Turritopsis dohrnii is also called the Benjamin Button jellyfish, because it has figured out how to age in reverse. If the adult form of one of these lentil-sized Mediterranean medusas is stressed or hurt—a small pinch with tweezers is enough—it falls to the sea floor and reverts to a previous stage of development, essentially beginning its life cycle again. It’s the equivalent of “a butterfly transforming back into a caterpillar”, according to the Italian researchers who discovered it, a cycle that could (in theory) continue indefinitely.

Scientists are still untangling what determines a species’ lifespan. In general, it seems like large animals live longer than small ones. Flying animals like birds and bats live longer than their earthbound relatives. In both cases, these creatures are less likely to become prey, so can perhaps afford to take their time to reach adulthood. Cold-blooded animals living in frigid waters, like the Greenland shark, are able to burn less energy and metabolise slowly. Some outliers, like the naked mole-rat—a mouse-sized rodent that can live more than 30 years—seem to have evolved a resistance to cancer, making them of intense interest to researchers hoping to extend human life.

Generally speaking, though, some animals live fast, reproduce early, and die young, while others mature slowly and die old. Each lifestyle represents a different evolutionary strategy, says Nic Rawlence, the director of the University of Otago’s Palaeogenetics Laboratory.

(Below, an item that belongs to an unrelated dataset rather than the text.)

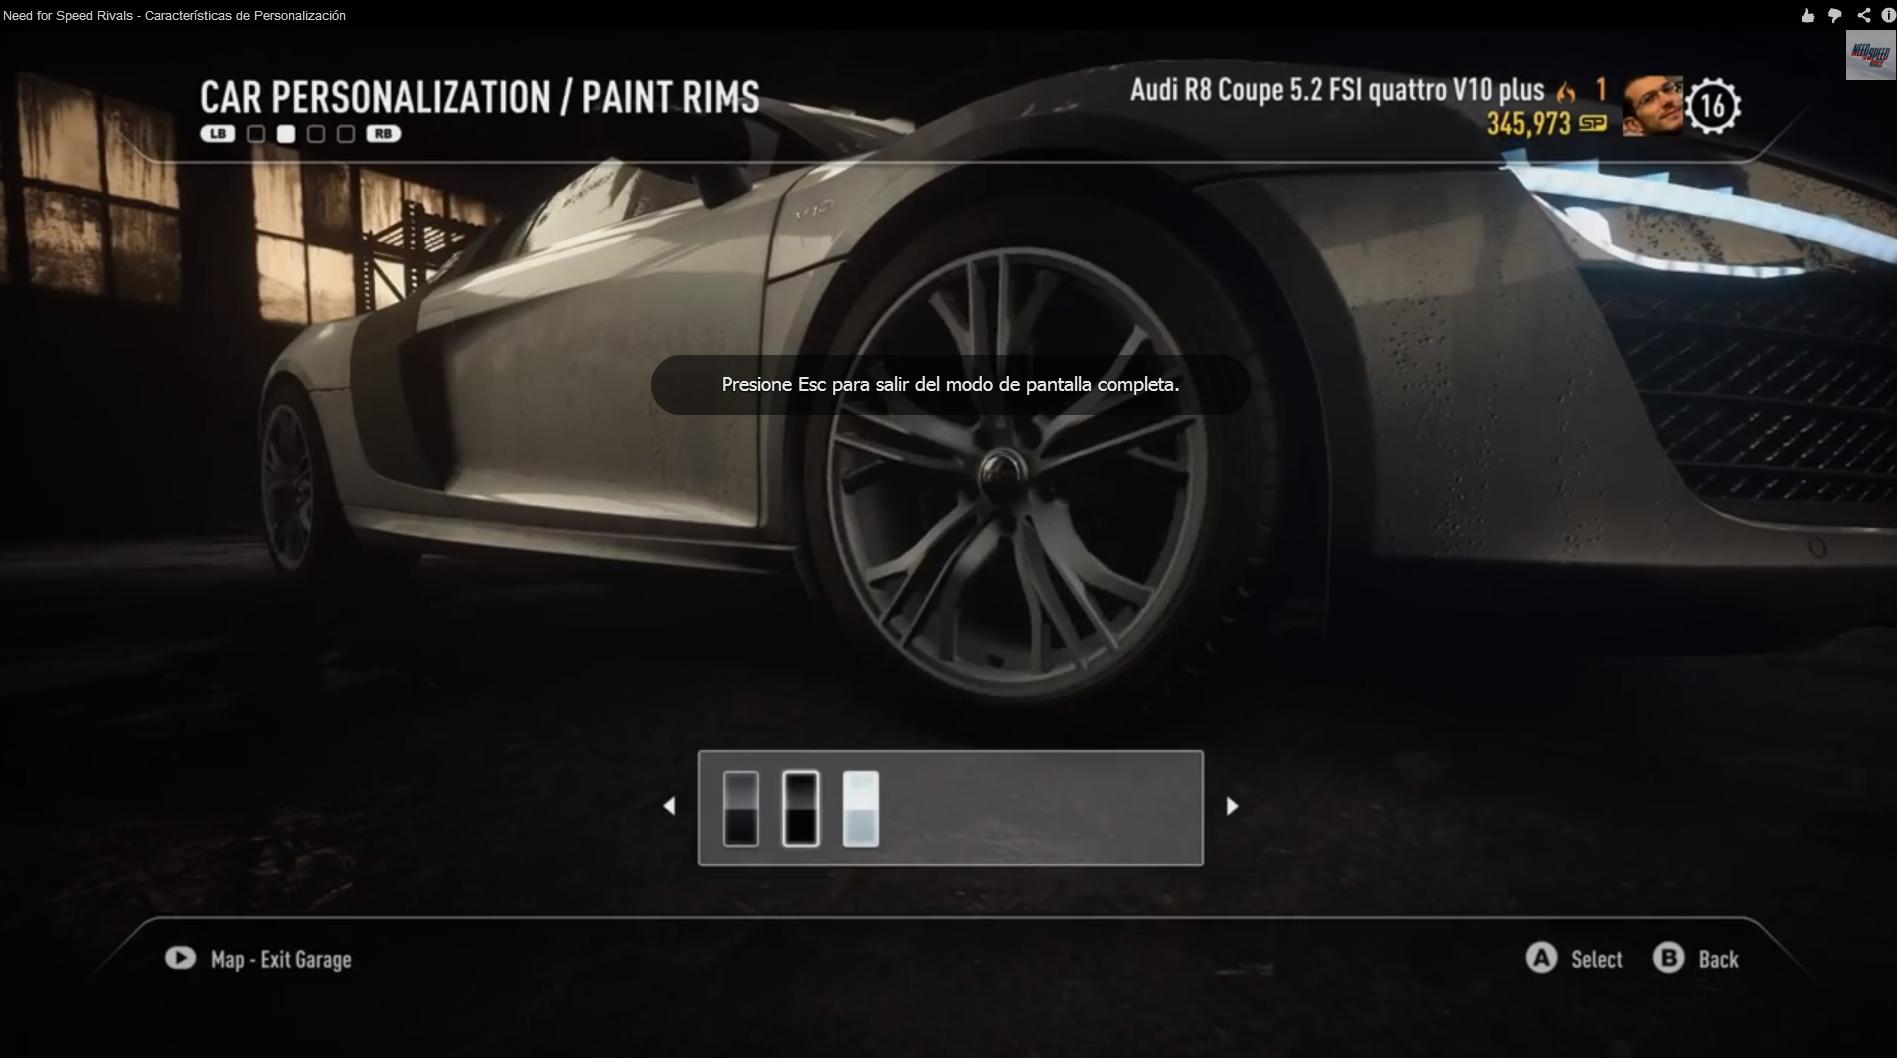 Need for Speed Rivals permitirá personalización online

Growing quickly and breeding often can increase an individual animal’s chances of passing on its genes, and makes it easier for a species to adapt to environmental change—but it also comes at a cost. Within the nucleus of each cell, the ends of each chromosome are capped with repetitive sequences of DNA called telomeres. Telomeres act like the hem on your trousers, preventing the chromosome from fraying or tangling and protecting its genetic blueprint. Every time a cell divides, those telomeres shorten slightly. Over time, as they wither and eventually disappear, the chromosomes are left unprotected. With each division, they get increasingly battered, degrading the DNA, accumulating mutations, and leading to disease and death.

And here’s the thing: living fast means an animal’s cells divide more often. A bowhead whale (lifespan: 200 years) will therefore burn through its telomeres much more slowly than a giant Sunda rat (lifespan: six months). “There are always exceptions,” says Rawlence. “But that’s the general rule.”

Climate change, however, is beginning to break the rules, making some animals old before their time. In a study published in 2022, scientists tracked 22 populations of cold-adapted lizards in France’s Massif Central mountains over several generations. In the most heat-stressed, declining populations, newborn lizards had unnaturally short telomeres, making them essentially babies trapped in elderly bodies. The next generation’s telomeres were even shorter at birth.

Rapidly changing environments can cause a species to accelerate its life-history, Rawlence says, leading it to grow faster and reach adulthood sooner.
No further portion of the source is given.